Every summer Wednesday...
Nothing beats that good old lab-made ice cream.
It's a summer chemistry tradition. Once a week, all work stops for ice cream.
This isn't store-bought ice cream. It's not home-made ice cream, either. For years, every summer Wednesday at 3 p.m., students and faculty in the chemistry department have gathered together for lab-made ice cream.
The ice cream mix is just like the stuff you'd whip up in the kitchen, but this ice cream is frozen in a matter of seconds with liquid nitrogen.
The tradition began years ago when a research group headed by Department Chair Gary Rice came up with the idea. He and his students discussed possibilities, looked online for recipes and gave birth to a tradition.
"More and more people got involved," Rice said. "So the next year each lab took a week. Every year it gets better and better." The early days were guided by an experimental ethos that didn't always turn out good ice cream. Rice recalled a rutabaga sorbet and some disappointing efforts involving Captain Crunch. His favorite flavor over the years? Chocolate mint, made with crumbled mint Oreos.
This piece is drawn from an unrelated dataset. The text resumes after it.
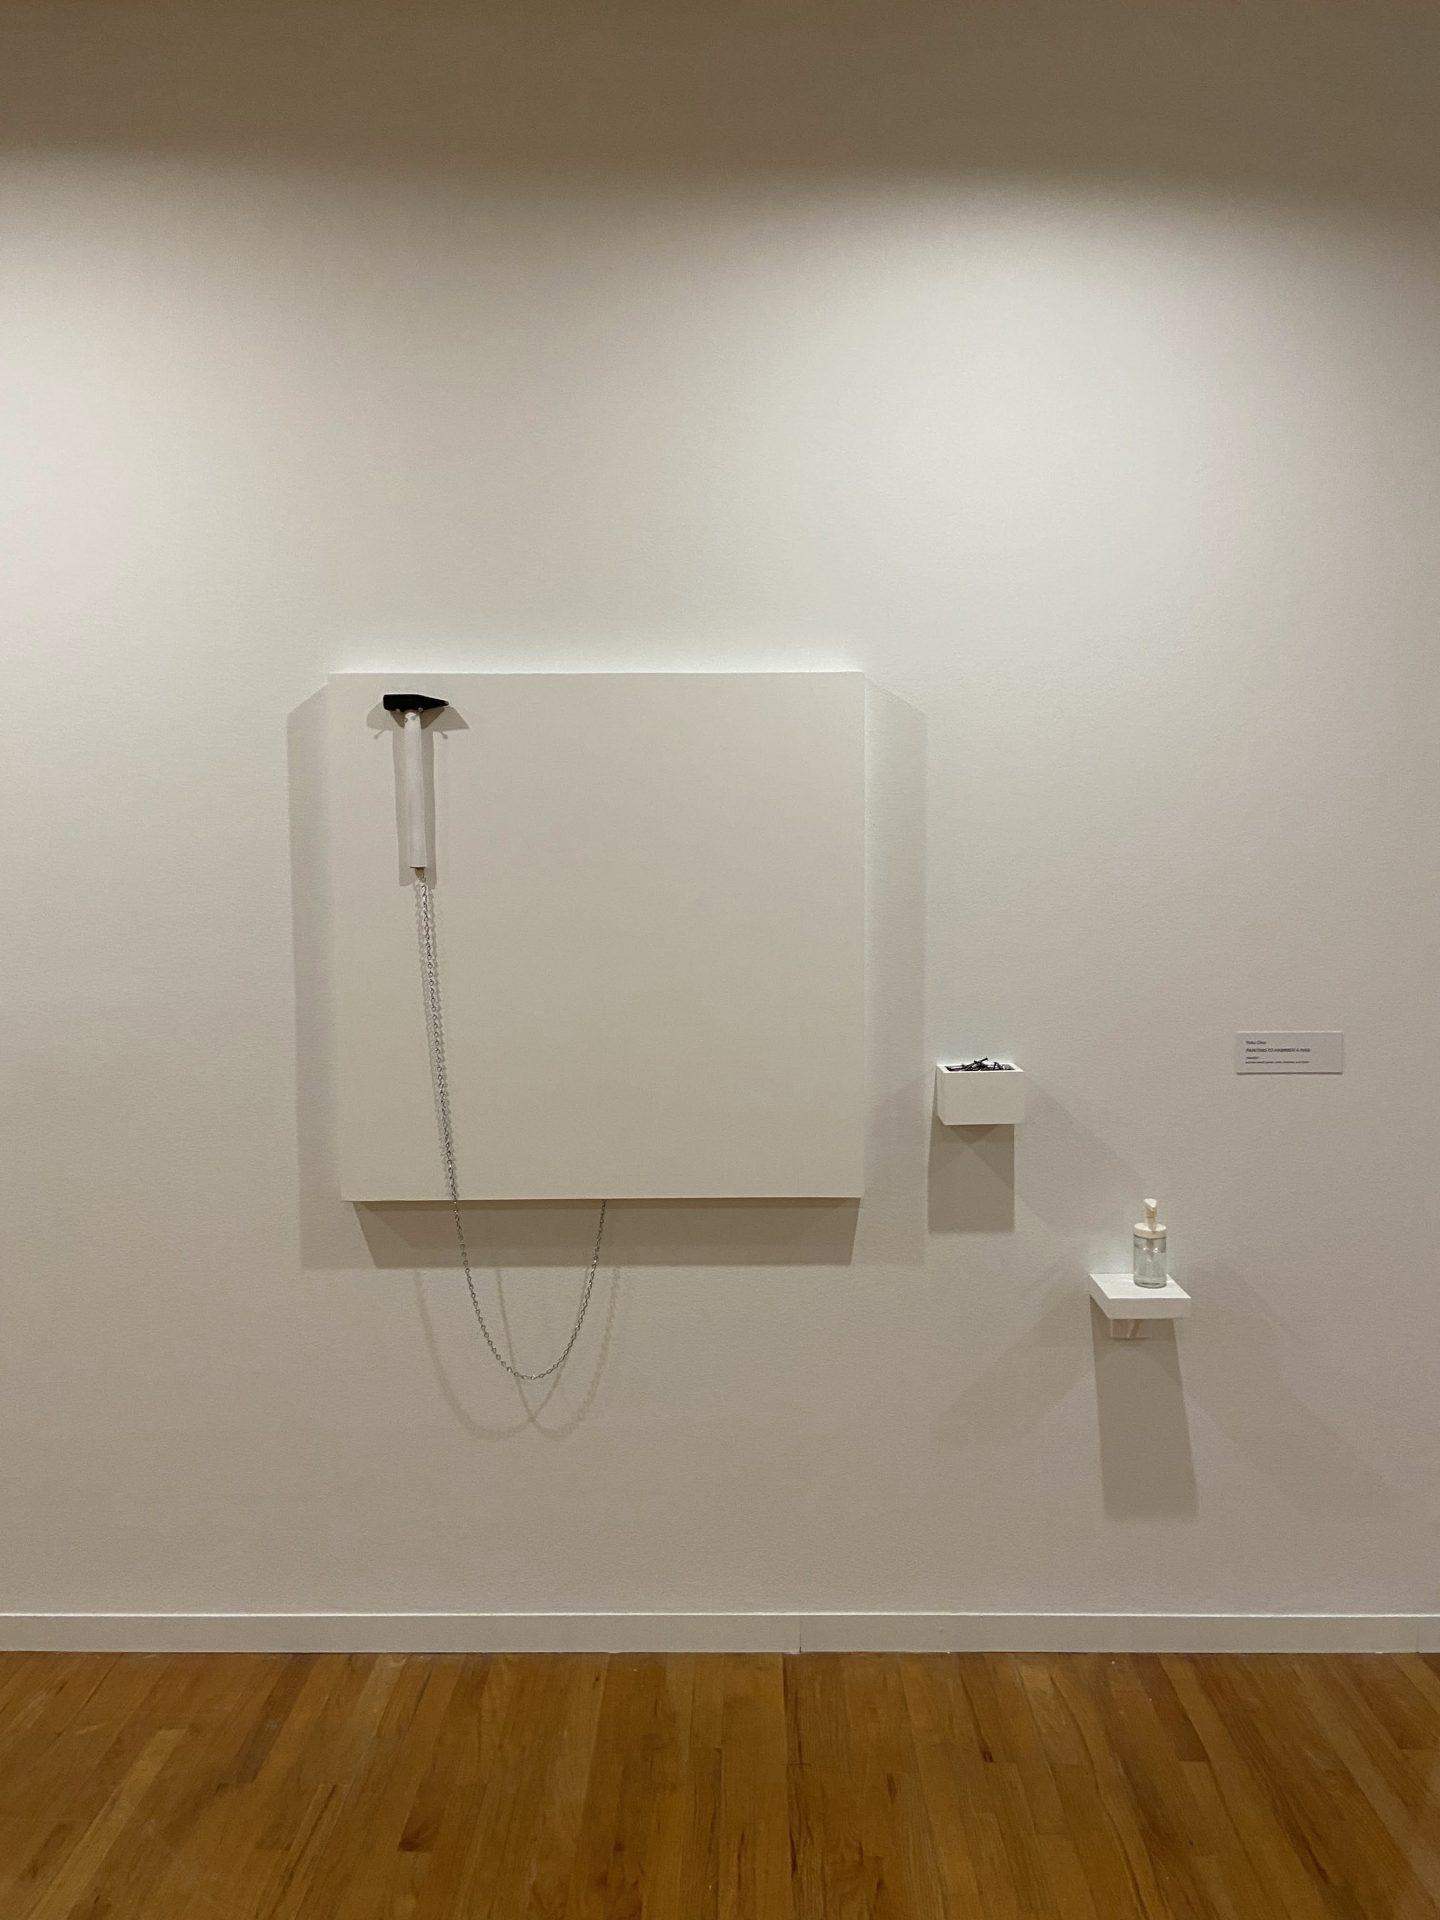 Yoko ono vancouver exhibit

When Professor Lisa Landino's lab has ice cream duty the scene resembles the opening of Shakespeare's Macbeth--three female students take the place of witches and big bowls of milky liquid stand in for cauldrons. One student crumbles pieces of shortcake into a mix already laced with bobbing strawberries. The other flavors of the week are cinnamon and chocolate-peanut butter.
Landino arrives and takes a student down the hall to fill a dewar with liquid nitrogen. (Dewars are essentially lab-grade thermos bottles that come in all sizes.) The two chemists share a pair of insulated gauntlets, because the liquid nitrogen whistling into the dewar is well below -300 degrees Fahrenheit.
One extra benefit of lab-made ice cream: younger students become comfortable handling cryogenic materials. Liquid nitrogen is an everyday staple in labs, with a vast range of non-dairy applications. Nitrogen in itself is not scary stuff--but in liquid form it can give you frostbite pretty quickly.
Back in the lab the dewar is uncorked and liquid nitrogen is poured directly into the strawberry shortcake mix. The nitrogen immediately begins to boil, absorbing heat from the ice cream mix, which solidifies as it freezes. This is time for collaborative lab technique: one person pours, slowly; a second stirs, rapidly. Thick, cold vapor spills over the bowl's rim and rolls across the table. The MacBeth resemblance is renewed.
Each summer around 50 students, graduate and undergrad, are working in chemistry. Add faculty, staff and visitors and three big bowls of ice cream can disappear almost as quickly as boiling nitrogen vapor.
"We're all part of one big chemistry family," Landino says to the swelling group of faculty and students who watch her nudge errant bits back into the smoking bowl. "So it doesn't matter if I get my fingers in it."
The eating and socializing is over almost as quickly as the ice cream is made. Everyone goes back to their labs, a few licking their spoons. These are busy chemists, so there's no time to wait for ice cream to harden, or to linger over a cup of delicious lab-made strawberry shortcake.